Sort of a side note but related. I’ve also been interested in Singularity.Net and that project seems to be more of a research program that could end up being of deep interest to this community as well.

Another systems architectural concern I have is about data and data science, and these topics are more technical and closely connected to all of these issues. Good research needs open access to data of all sorts, and we have concerns about privacy and compliance to address in theory and practice. Big data the respects the data source and the best data science AI program is good or bad depending on the interests represented in theory/design.

Yeah the research hasn’t really been focusing on that. I think adjusting the money supply in a way that can’t be gamed is in the ‘too hard’ basket. What they’re doing already is hard enough.

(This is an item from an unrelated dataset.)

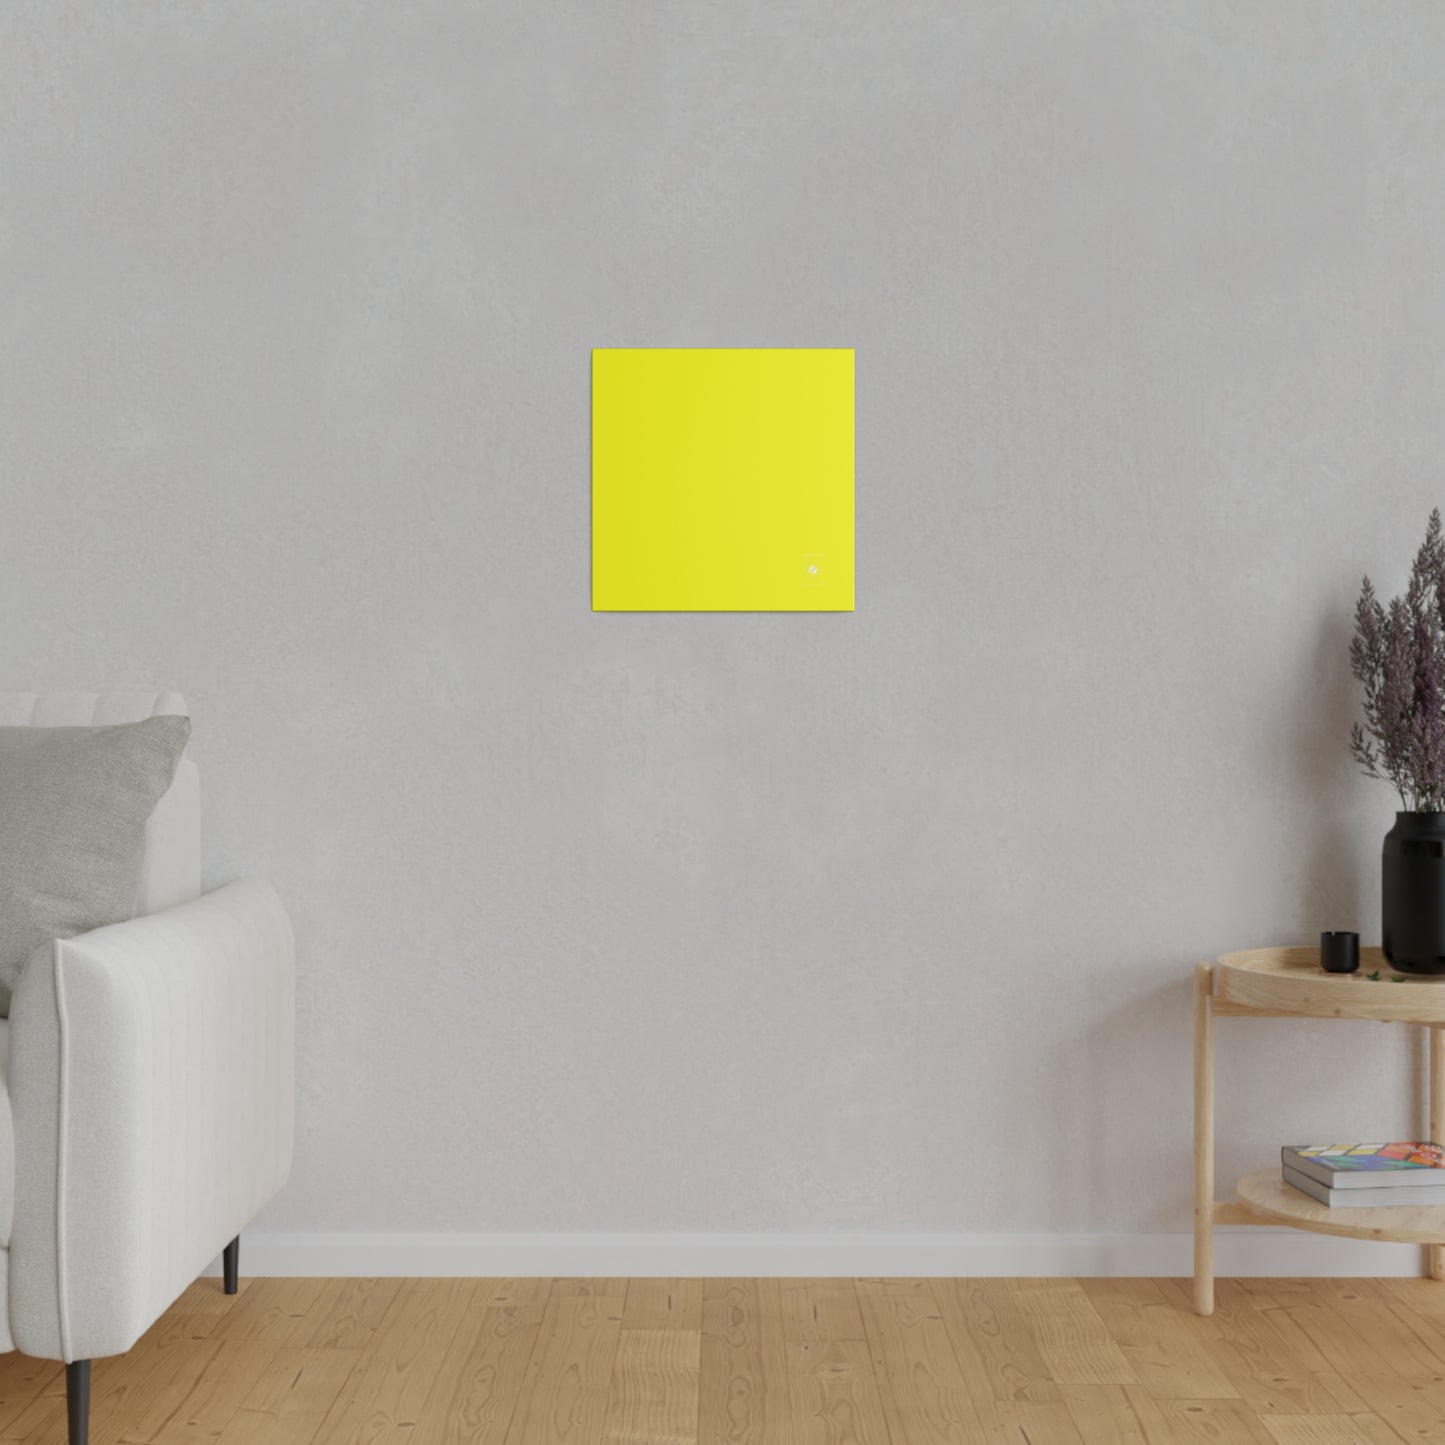 Neon Yellow FFFF00 - Art Print Canvas

Anyone who cracks this one though would probably want to stay anonymous, they’d end up being second only to Satoshi in terms of changing the game.


I agree this is one of the hard problems, and that they are addressing many hard problems already.

I’m just anticipating that good governance will need this work even if it is incomplete. The new currency systems also have great potential to generate the data really needed to test theory in real life. It is happening without the work and understanding in any case.

All I’m suggesting is that the space be made to have the right sort of dialog with the right sort of experts. I’m not even saying they Cardano needs to make this sort of investment to prime the pump in this space, but they have the standing to convene the discussion within the parts of the wider community who understand the importance of unity with respect to good governance with decentralization.